__Exercise requirements__
Write out all the entries word for word and omit any pictures.

__Entries supplied__
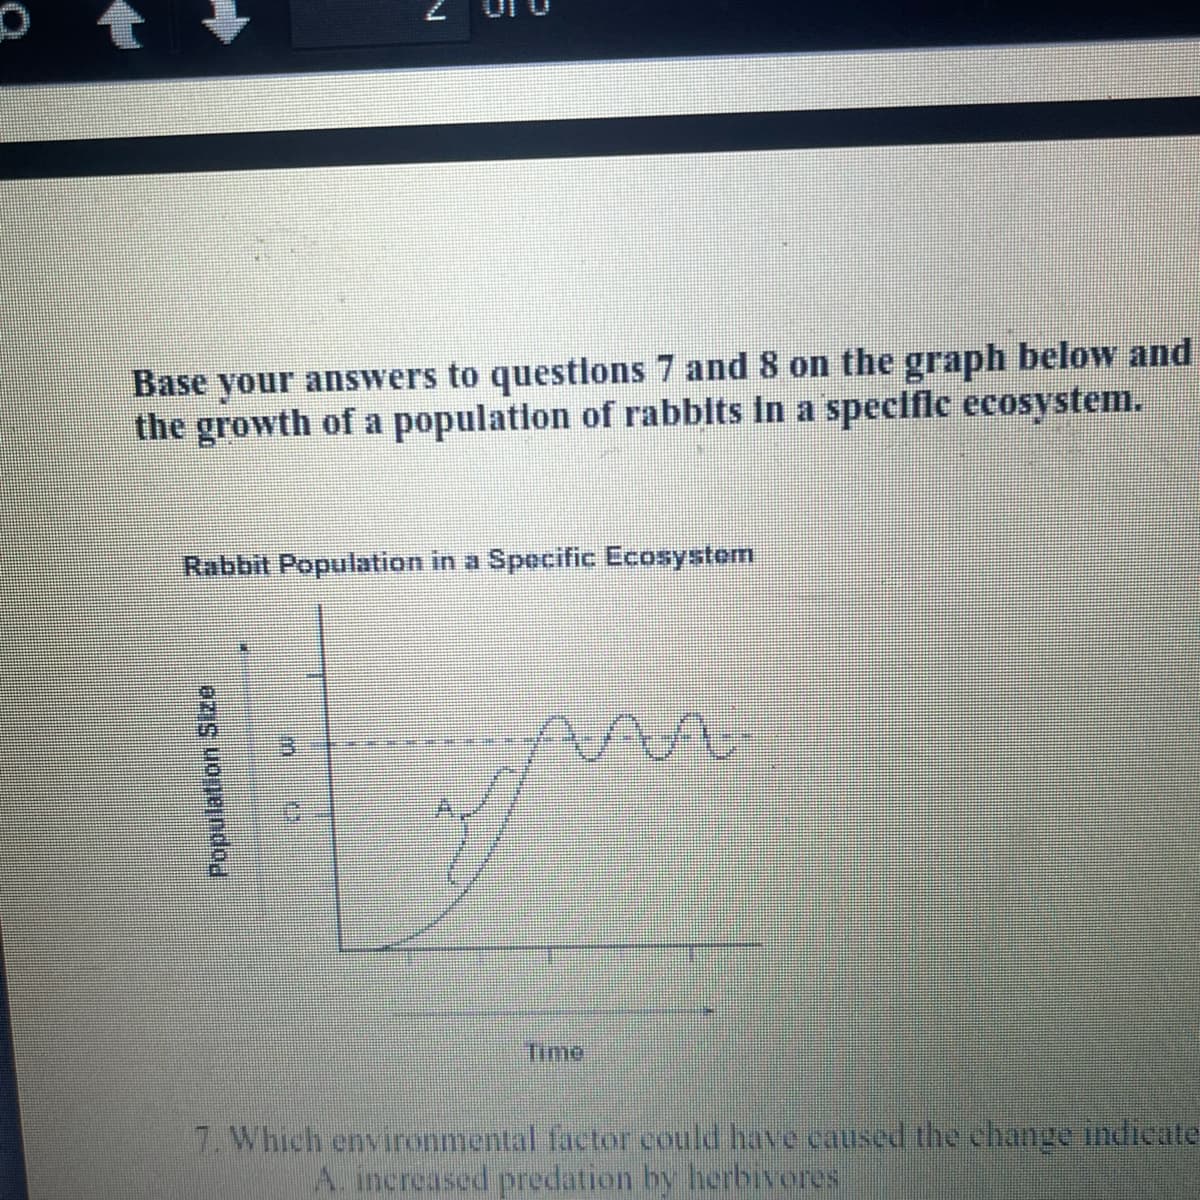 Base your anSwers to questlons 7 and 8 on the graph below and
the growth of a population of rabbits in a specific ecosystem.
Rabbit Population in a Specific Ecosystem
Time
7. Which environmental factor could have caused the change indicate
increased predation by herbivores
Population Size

__Reply to the task__
 Base your anSwers to questlons 7 and 8 on the graph below and
the growth of a population of rabbits in a specific ecosystem.
Rabbit Population in a Specific Ecosystem
Time
7. Which environmental factor could have caused the change indicate
increased predation by herbivores
Population Size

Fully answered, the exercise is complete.